Today’s Get-it-Done Guy episode deals with how to form a new habit. Becoming more productive, setting new years resolutions, brushing your teeth differently … any sort of behavior change involves, well, changing behavior. Unfortunately, humans aren’t very good at changing behavior.

I’ve been fascinated for years by psychology and the human brain. I read research into cognitive and social psychology, behavioral finance, brain-based science, and so on, always looking for stuff that works to help develop new skills or change old ones.

I do all this because I love learning, and really enjoy anything that helps me do it better. One of the most effective models I’ve found for understanding how humans think is NLP or neuro-linguistic programming.
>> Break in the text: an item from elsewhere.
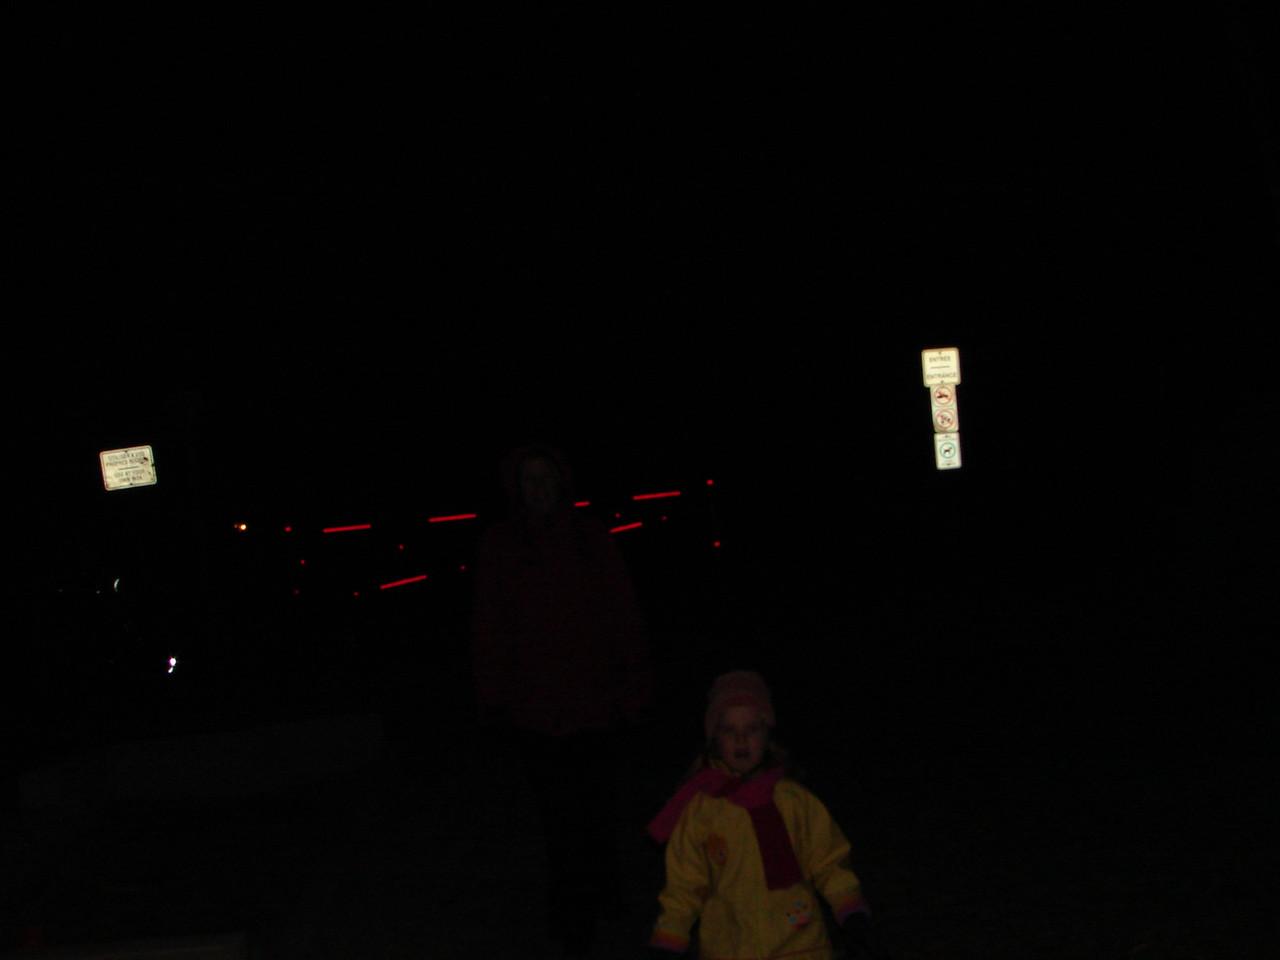 Spectators and cheering family in the dark november park.
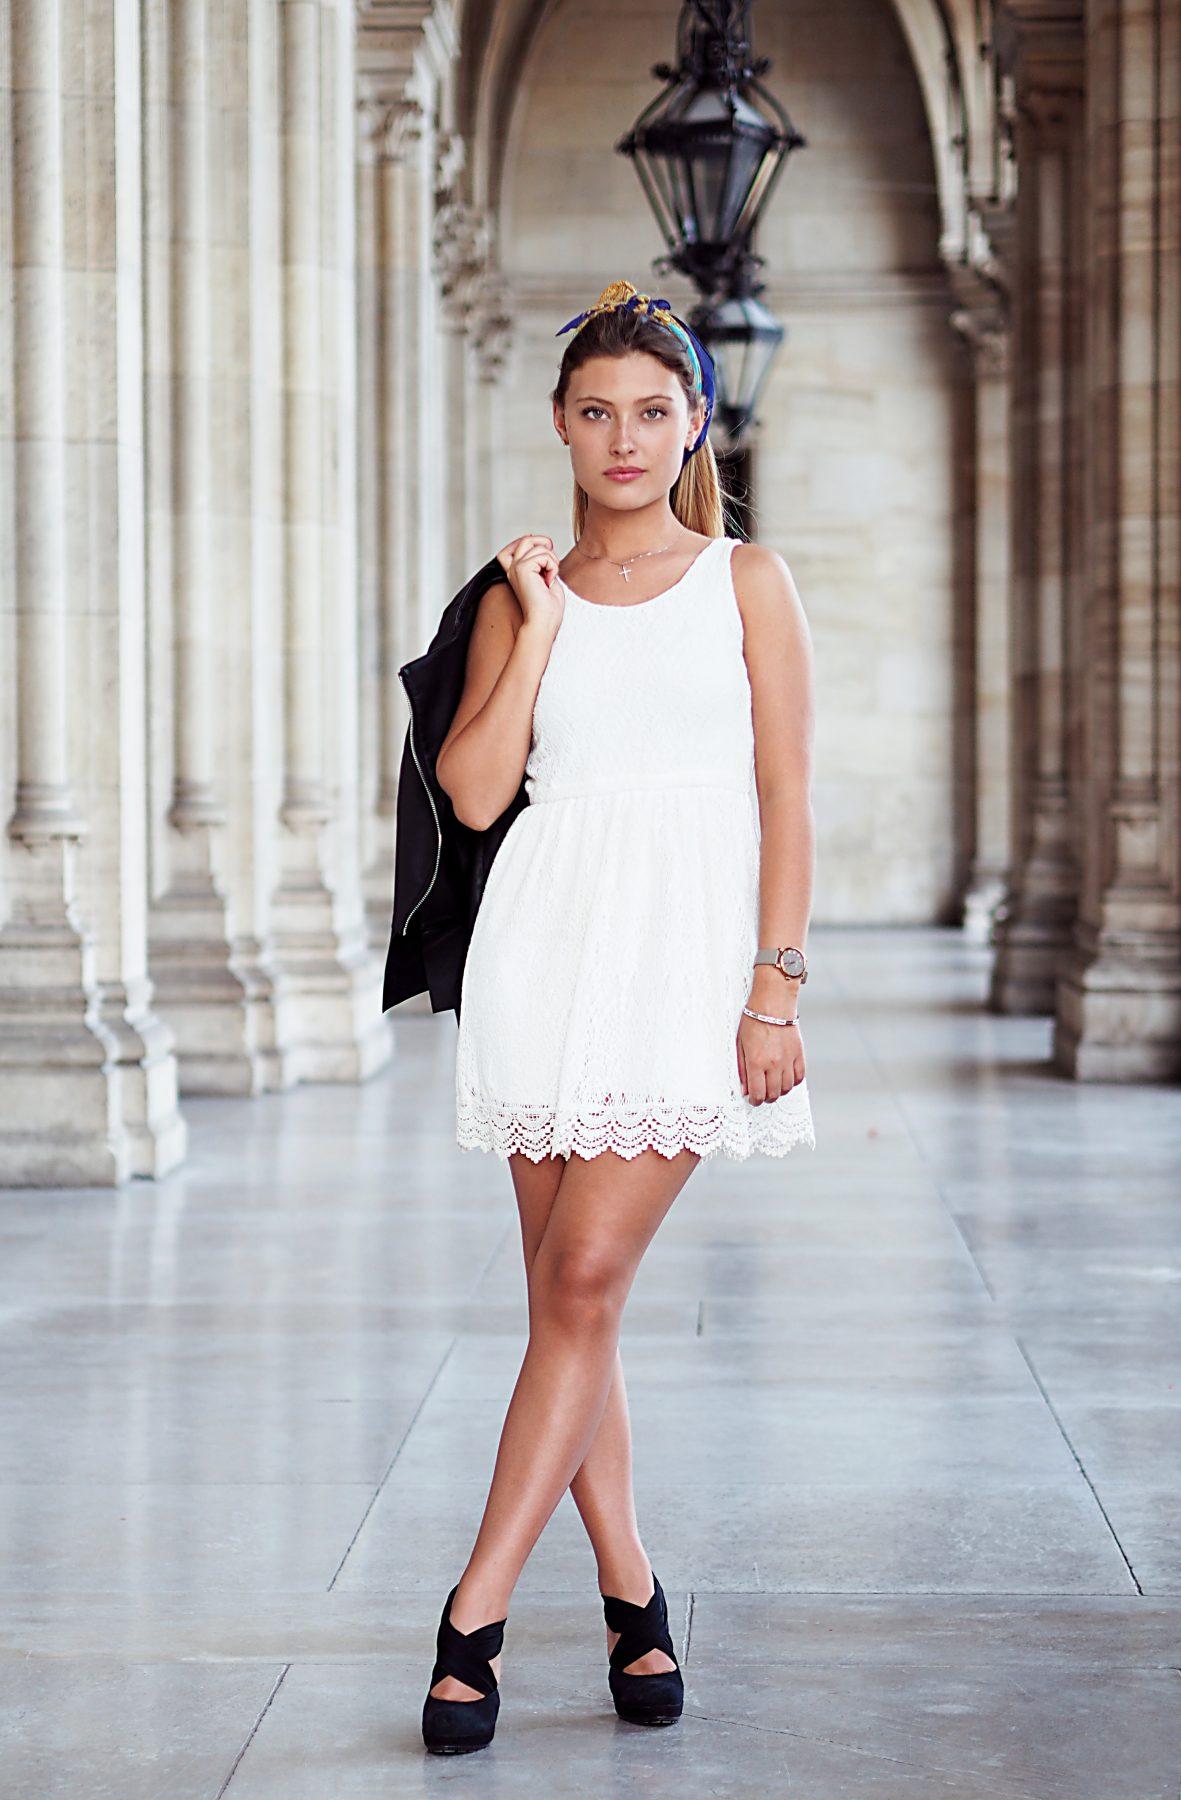 virag-fashion-photographer-vienna-austria-taylor-content.jpg

Developed in the 70s, it’s considered a pseudo-science and not taken seriously.

I found, however, that I could use it and get effective, repeatable results. To this day, I teach elements of it to clients and friends and get demonstrable, measurable results.

Over time, various areas of science are independently discovering elements of NLP. Just this month in the January/February 2011 issue of Scientific America Mind, there’s an article discussing how we talk and think about the world in ways that correspond pretty directly to our bodies. In NLP, we call this “organ language” (I am shouldering a burden). Another NLP phenomenon called “submodalities” suggests that we speak literally about our internal world. “Things are looking up” would suggest that the speaker is making a mental picture and positioning it in the top area of their mental field of vision. I suspect submodalities will be next on the rediscovery agenda.

This Get-it-Done guy episode is the NLP “new behavior generator.” When it was developed 35 years ago, no one knew about mirror neurons, and sports psychology was in its infancy. Today, visualization is established as producing measurable results in sports performance. I’ve attempted to capture the essential elements of the actual behavior change technique, while augmenting it somewhat with poisoned apples and the occasional lesson in introspection and emotional self-management.